Nope, no black smoke and the motor revs straight up to 2,100RPM and then no higher.

Today we took the boat out and rev'd slowly up to 2,100. Then put the engine into neutral and the engine reved up to 3,500RPM no worries. Then put the engine back in gear and was back upto 2,100RPM within about 45 seconds. I played with the throttle a bit and it easily goes to 2,100 RPM but no higher.


----------



## svsirius (Jan 14, 2007)

If you are sure it's not the prop, then I would look at a fuel starvation issue. Change the fuel filters and maybe get the feed pump checked for flow volume. Odds are you are either putting too much load on the engine [prop] or not getting enough fuel to it to allow full throttle.


----------



## chucklesR (Sep 17, 2007)

If no load RPM is 3500 and loaded maxs RPM at 2100 it's the prop.
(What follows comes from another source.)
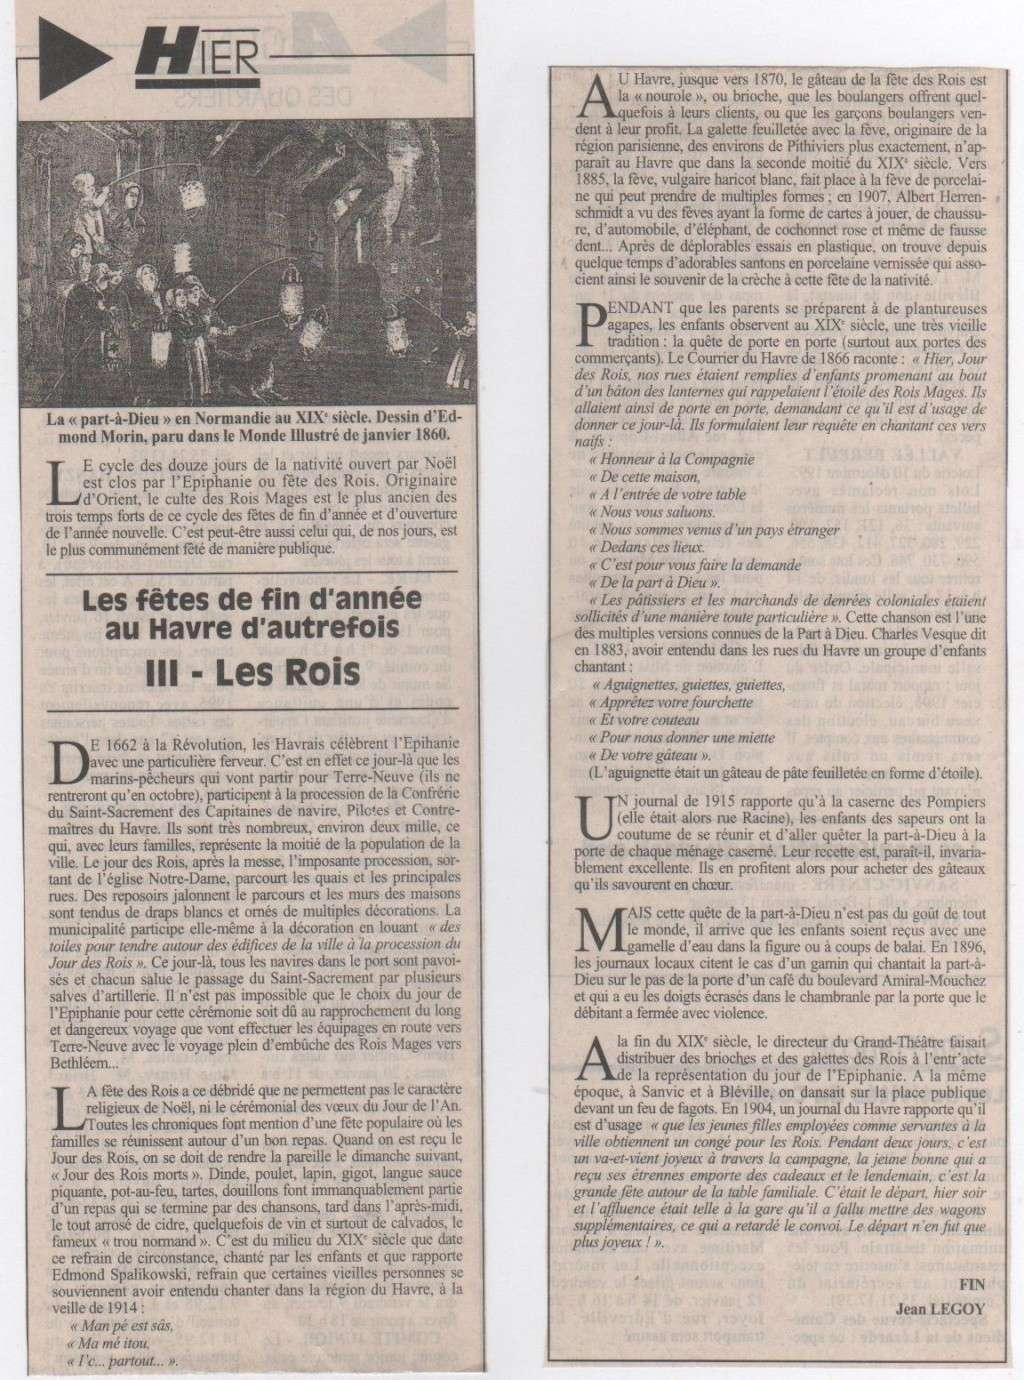 Hier, Le Havre par Jean LEGOY - Page 2 Les_fa12

The ONLY difference is the load on the engine, ergo the cause is the load on the engine. Life really is that simple.

OTOH, if max rated RPM is 4000 you should be able to hit 4000 with no load. That means that fuel starvation or air starvation might also be issues. My bet is the PO upsized the engine without consideration for the supply side. Of course he might also have put a monster alternator on it which is overloading the engine but you haven't mentioned one.

Nothing in the world of sailing gets you in more trouble that believing the previous owner without question (e.g. "the rigging is fine, don't worry about the rust marks" is right up there with "I measured the prop and it's correct")


----------



## JohnRPollard (Mar 26, 2007)

Ilenart said:


> I also do not think it is the wrong propeller as the previous owner measured the prop and took it to a specialist and the advice was that it was about the right size and pitch for the boat...Ilenart


Get a second opinion from a new expert. Clearly the P.O. was having a problem if he sought advice -- unfortunately is sounds like that advice was perhaps less than scientific. Prop pitch is almost a black art, and opinions vary. My guess is that the prop is over-pitched.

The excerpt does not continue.